Speaking of her father's temper and occasional use of violence, Jeanne made quite a few references. She said that

people say that the Johns are the aggressive ones, but it was really the Prices. She described Sally Price, her grandmother, as the fiery one, whereas the Johns family were gentle. For example, a person who came out to the house to survey the property referred to Vernon Johns by his first name. But, since Vernon was seventeen years old, Sallie Johns thought that the man should have referred to him as Mr. Johns. So she tied the surveyor to a chair to make sure that he was able to apologize to Vernon Johns when Vernon came home.

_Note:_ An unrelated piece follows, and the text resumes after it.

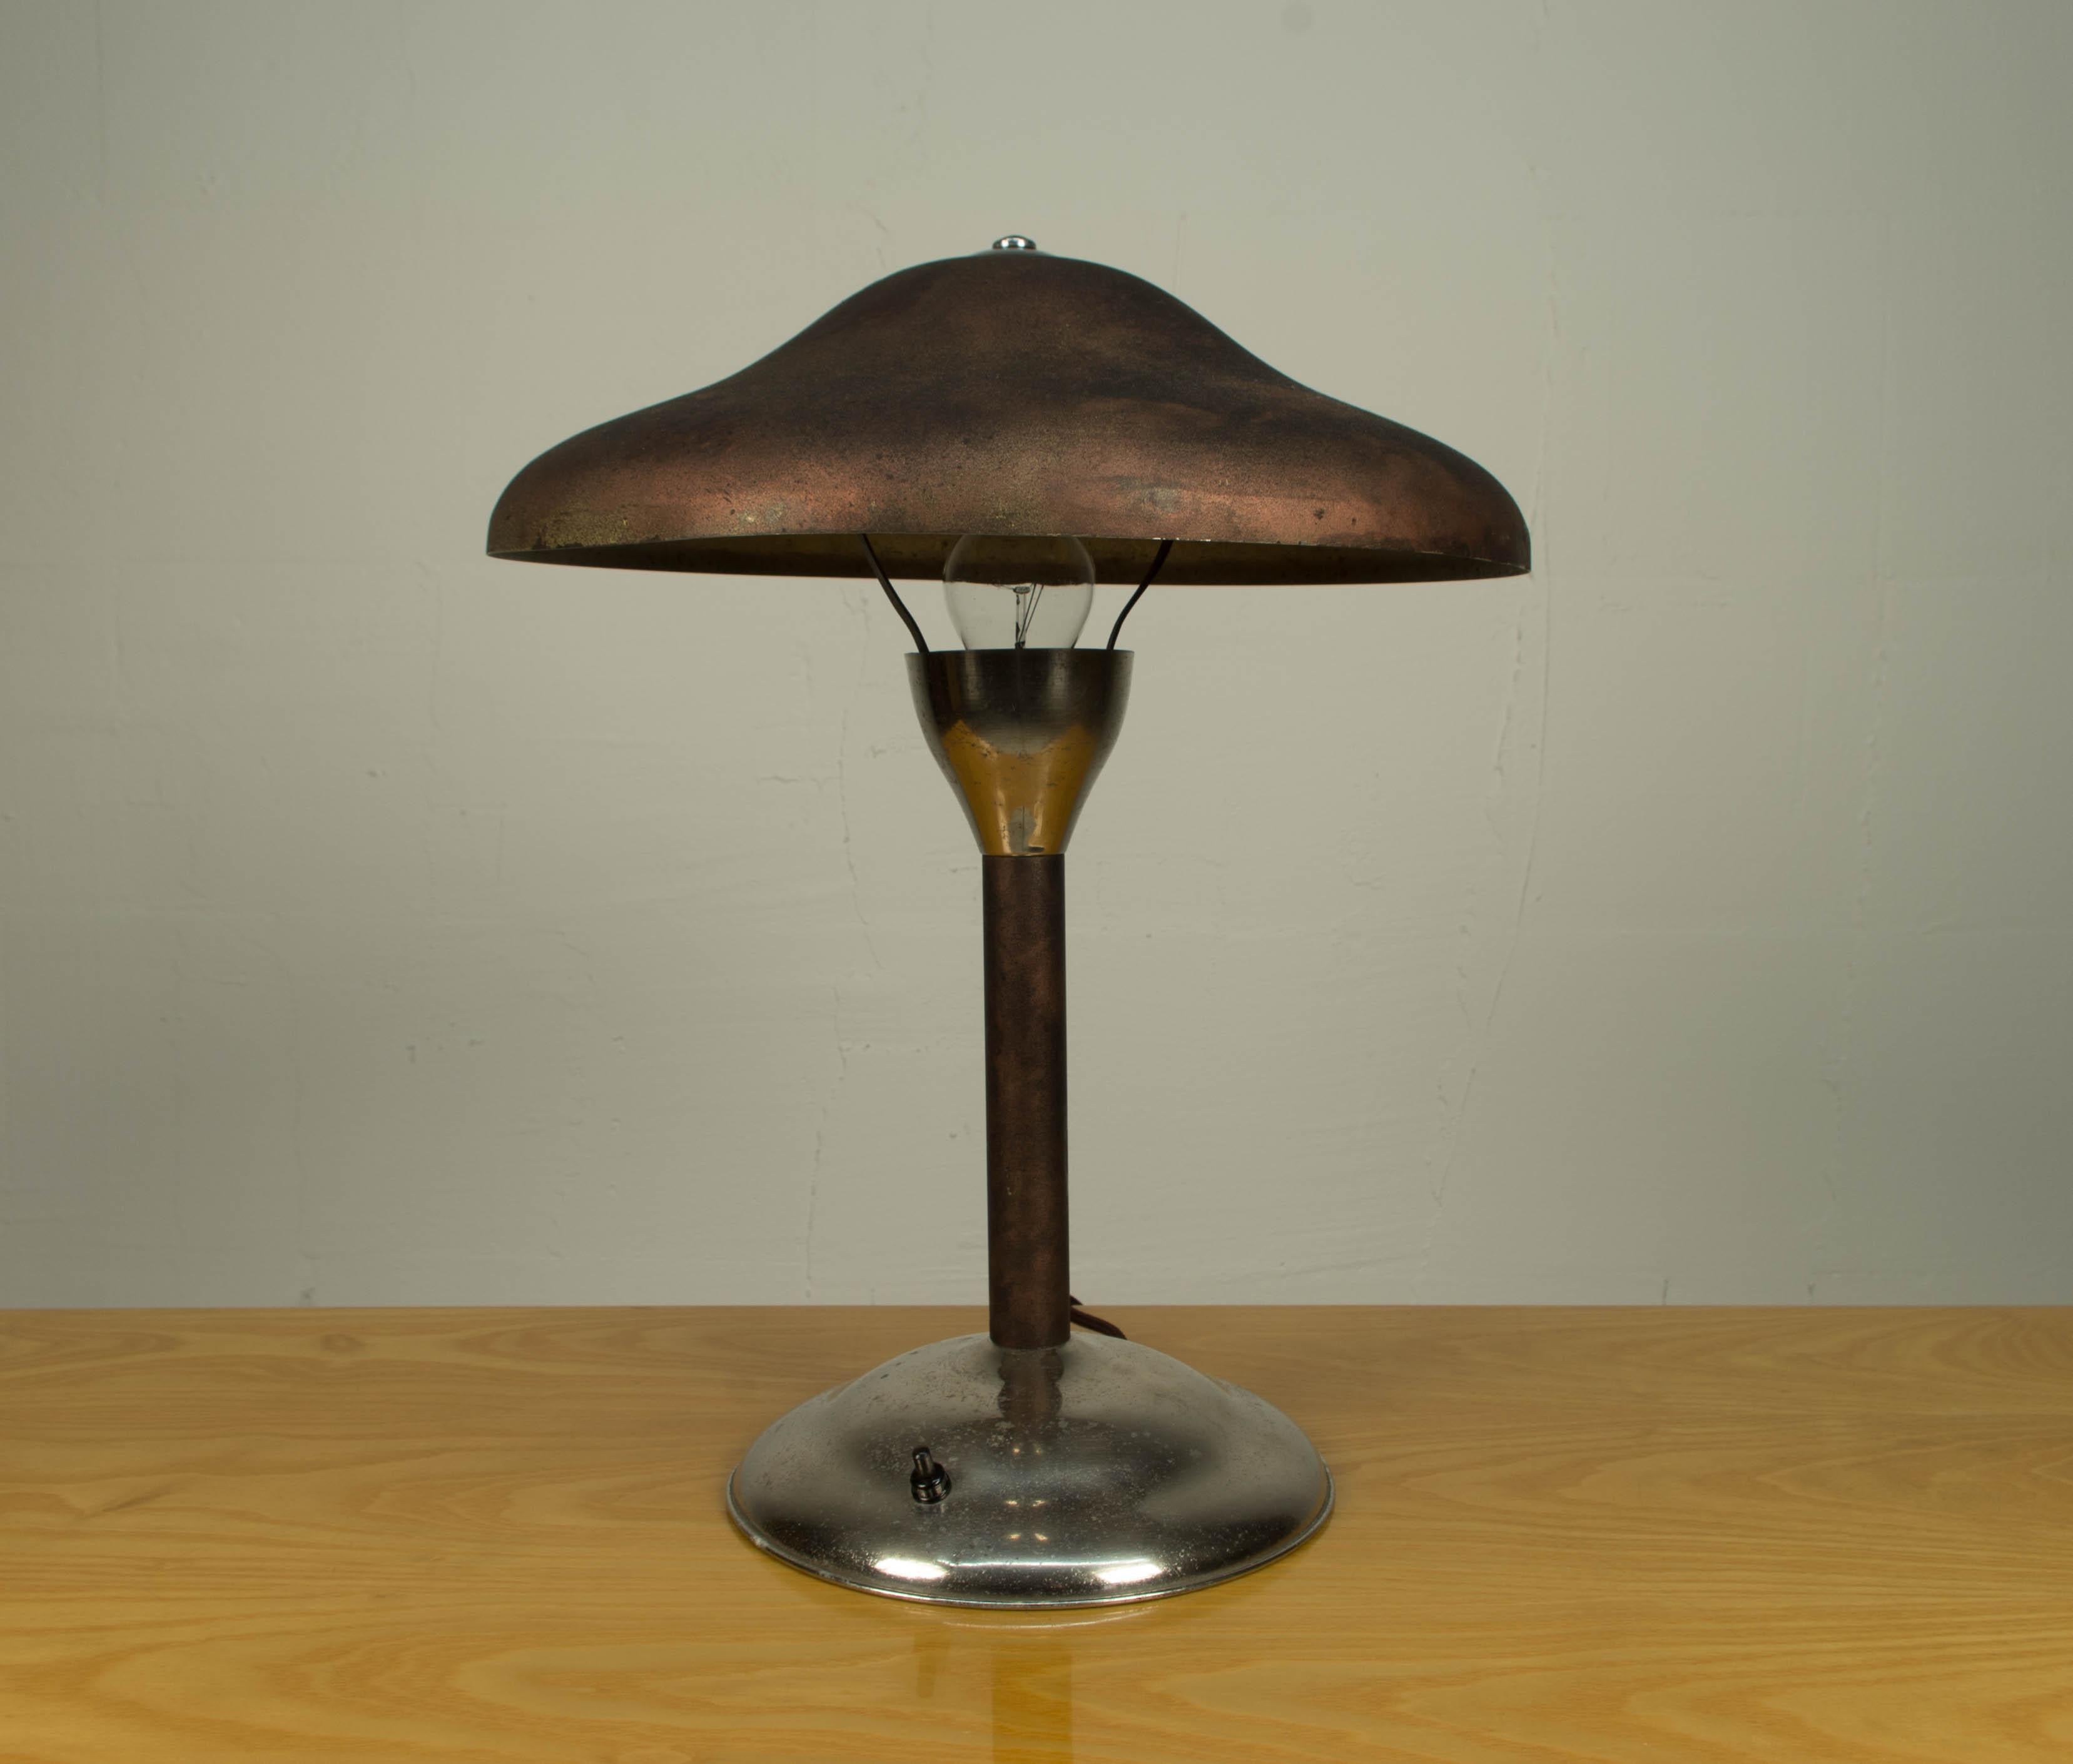 Rare lampe de table conçue par Frantisek Anyz pour sa société IAS dans les années 1920. Très bon état d'origine. Douille E26 ou E27.
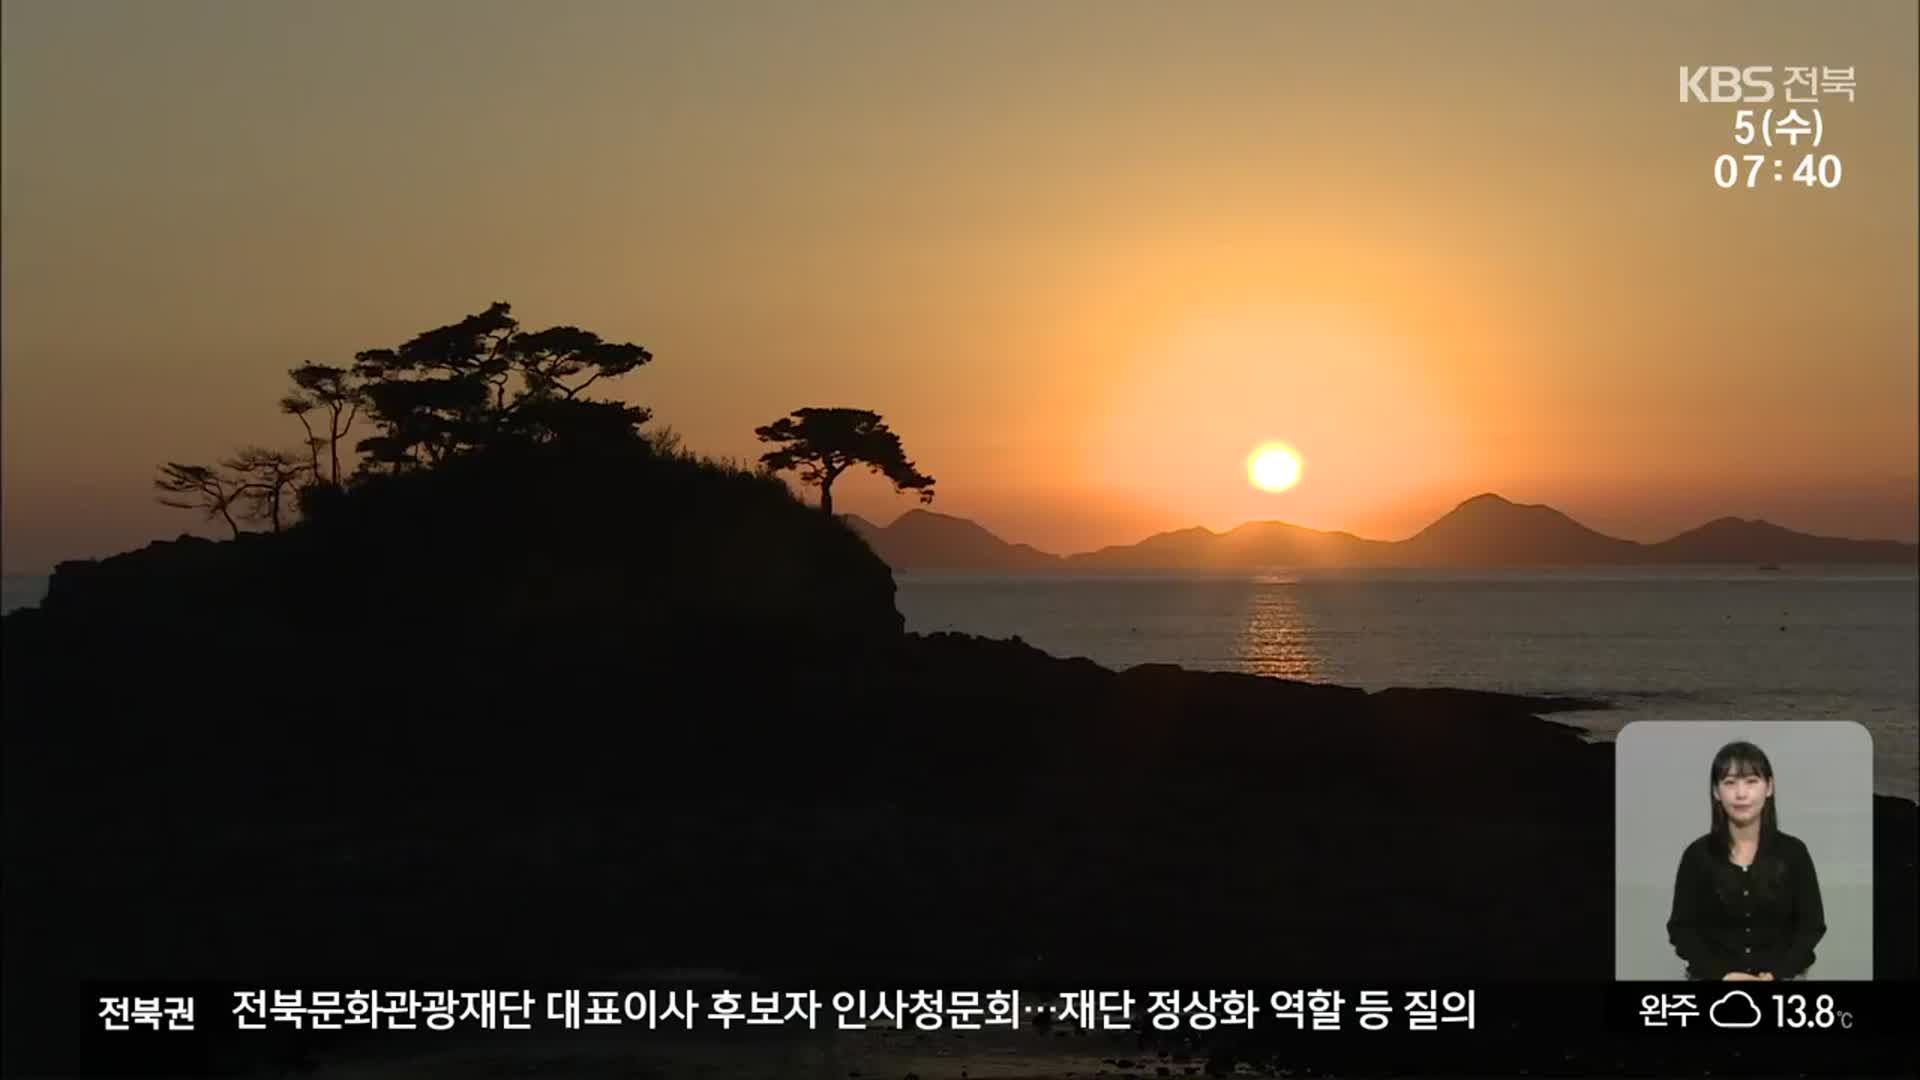 [전북의 창] “전북 서해안 세계지질공원 긍정적”

Jeanne added that her father "did not use that much violence. He mostly responded verbally. But if he put his bottom lip out, there was trouble coming." She provided an example. "We were driving through Mississippi and stopped at a stop light. Some white Mississippi teenager pulled up in a car and called my father ‘boy.' My father jumped out and had the boy up on the roof of the car and made him apologize." She said "My father was so bodacious that he shocked white people. They thought of him as a crazy nigger. There he goes again they would say."

One day Henry Powell found Vernon Johns in a pigpen which was very close to the store and Vernon was beating a pig. Vernon told Henry "This pig (laughter) wont stay in the pigpen and I'm trying to teach him that the grass isn't always greener on the other side of the fence." After finishing talking with Henry, Vernon picked up his club and started beating the pig again. On another occasion Vernon Johns and a pig were in a big iron tank. Henry asked about the pig and Vernon replied "Oh, him. He's in hell. (Laughter.)" Henry added, "I think of him with a great deal of fondness. I can just hear him laughing."

Jeanne said that her mother was the one who really took care of the family economically after Vernon Johns left the presidency of Virginia Seminary. Whatever her father brought in financially she used as bonus money. But Jeanne added vehemently that "We were not poor. We had pocket change. We didn't have the fur coats and cars like the other kids, but who did they come to when they were having trouble with their homework? We had the mind."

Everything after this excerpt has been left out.